> Information shown:
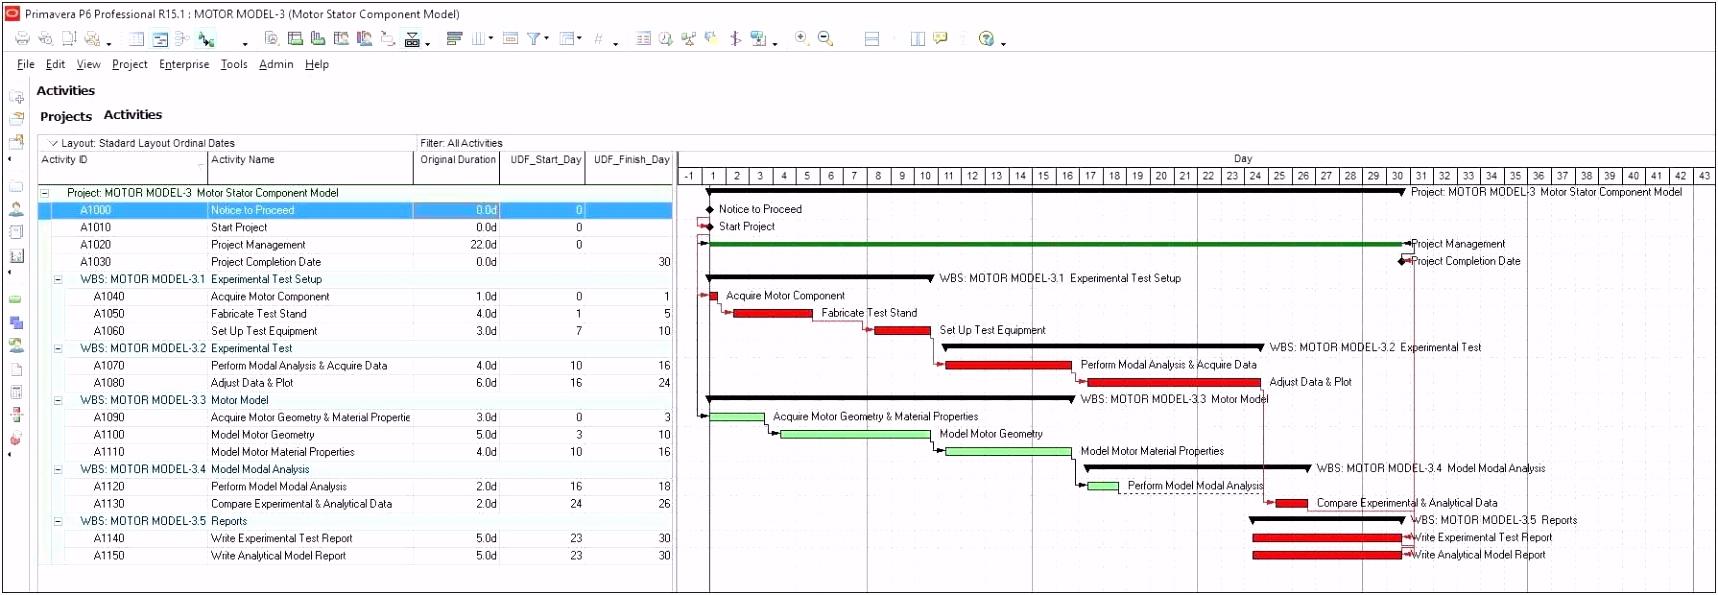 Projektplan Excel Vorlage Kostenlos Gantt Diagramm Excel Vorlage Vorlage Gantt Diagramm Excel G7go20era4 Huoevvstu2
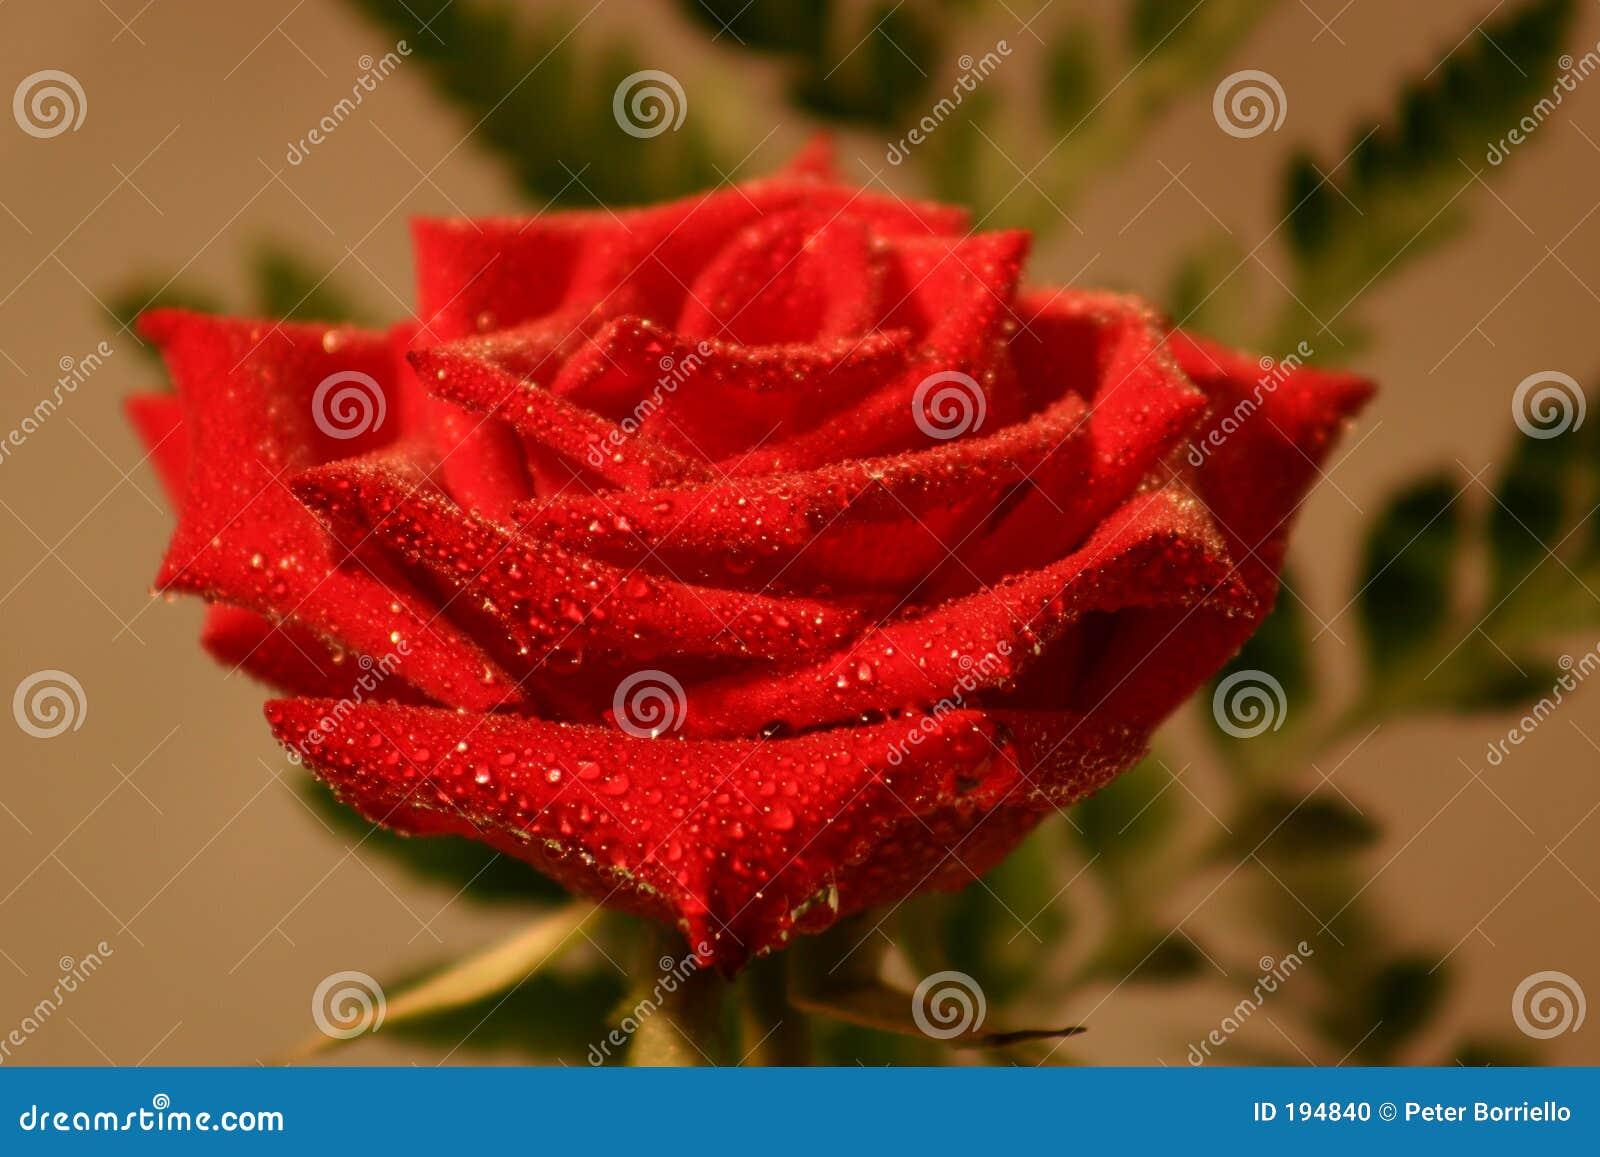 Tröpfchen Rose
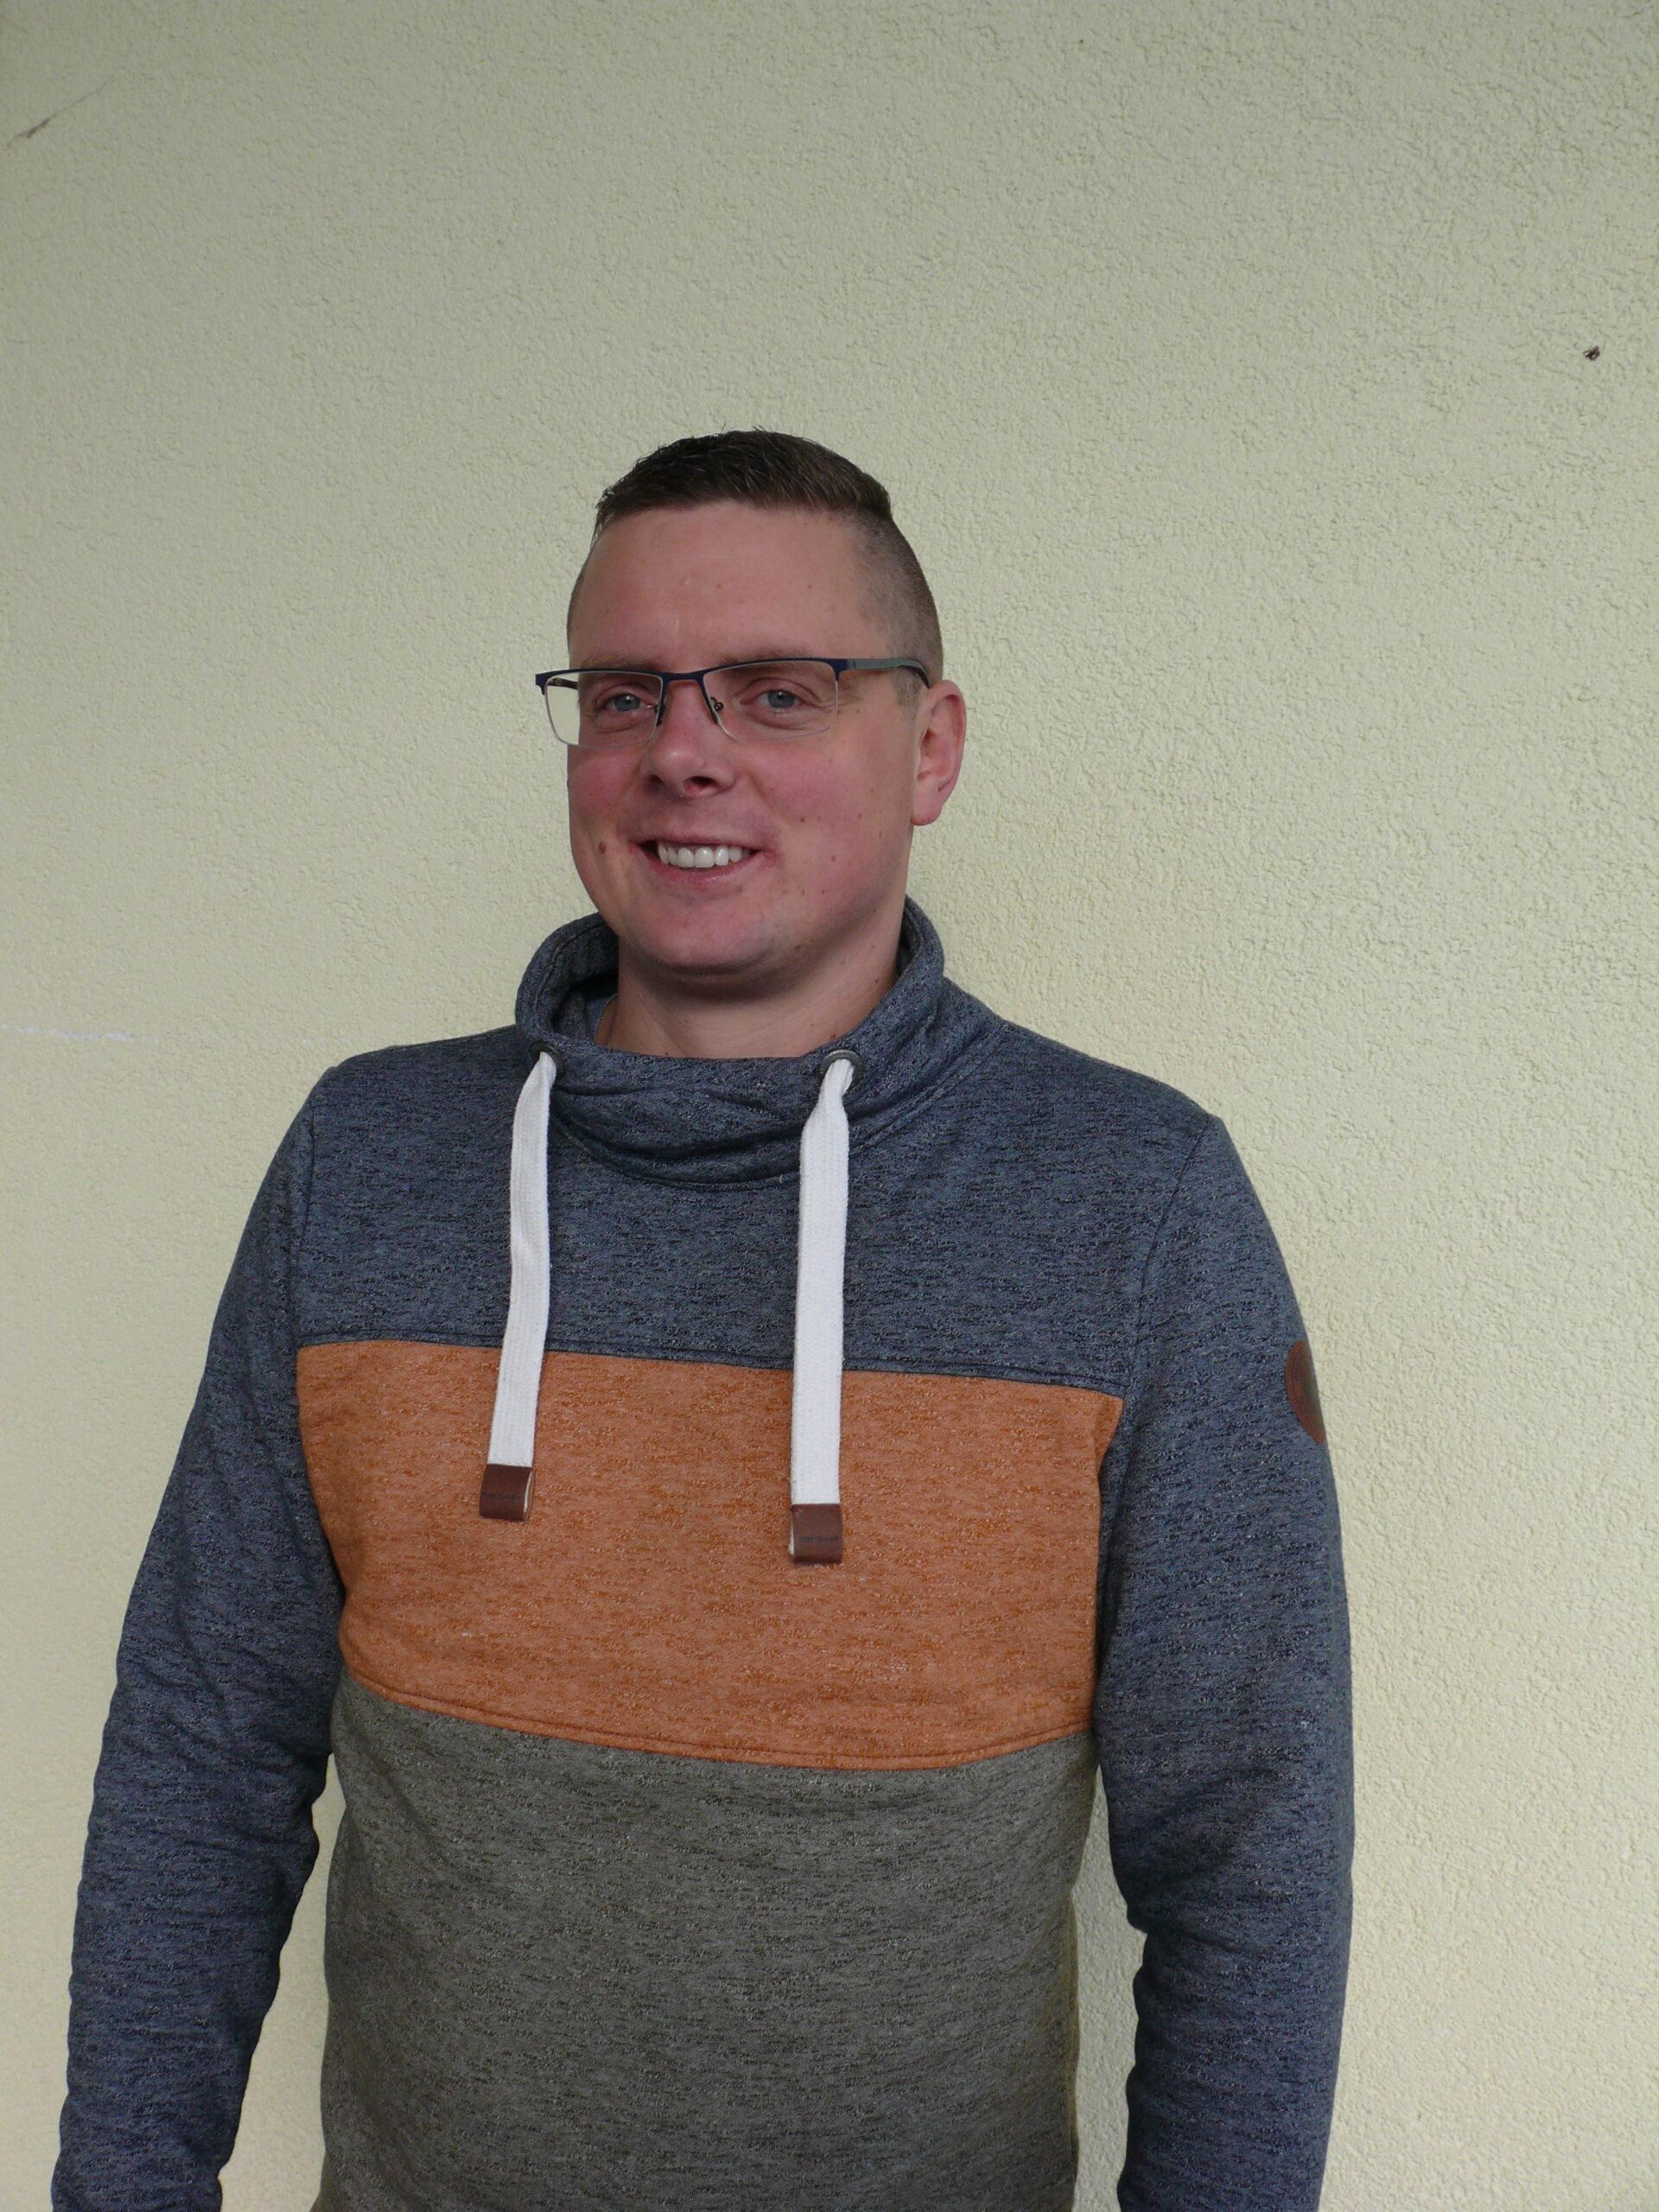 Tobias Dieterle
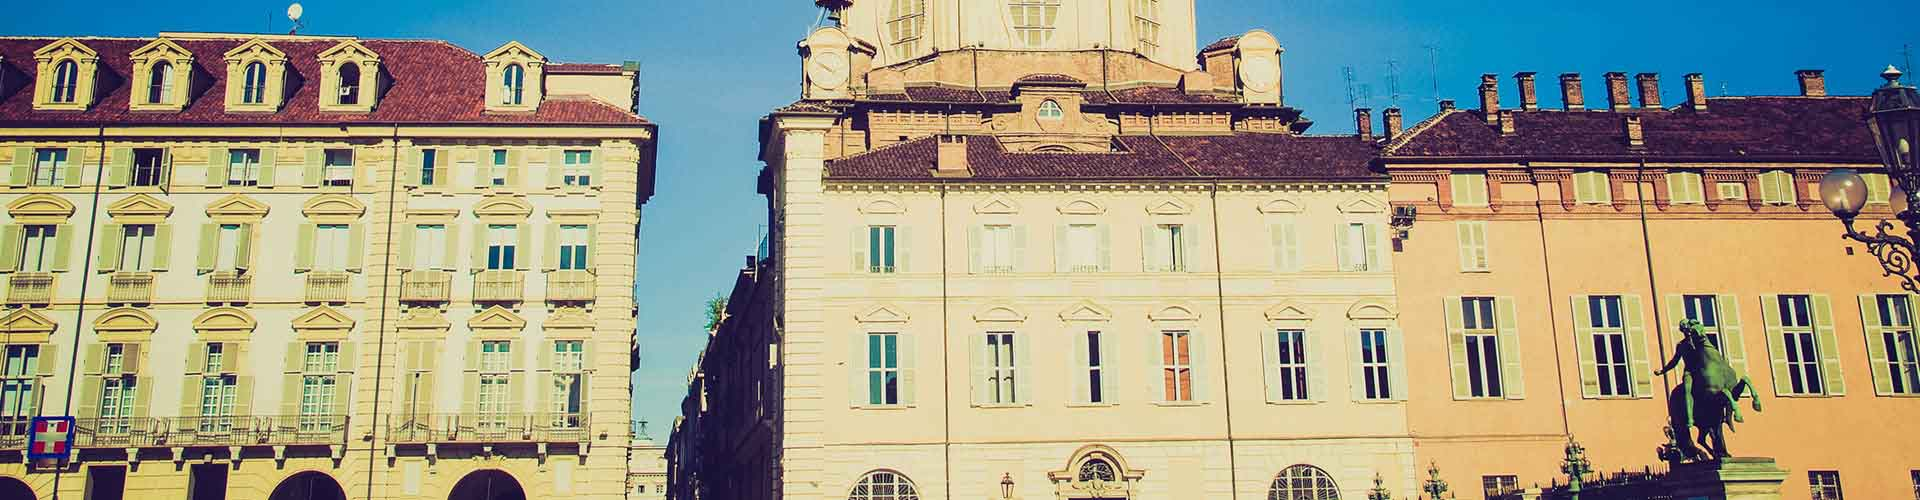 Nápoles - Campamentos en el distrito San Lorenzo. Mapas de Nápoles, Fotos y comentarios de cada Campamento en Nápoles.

> Work task:
Repeat all of the material above exactly, leaving out pictures.

> Solution to this task:
 Projektplan Excel Vorlage Kostenlos Gantt Diagramm Excel Vorlage Vorlage Gantt Diagramm Excel G7go20era4 Huoevvstu2
 Tröpfchen Rose
 Tobias Dieterle
 Nápoles - Campamentos en el distrito San Lorenzo. Mapas de Nápoles, Fotos y comentarios de cada Campamento en Nápoles.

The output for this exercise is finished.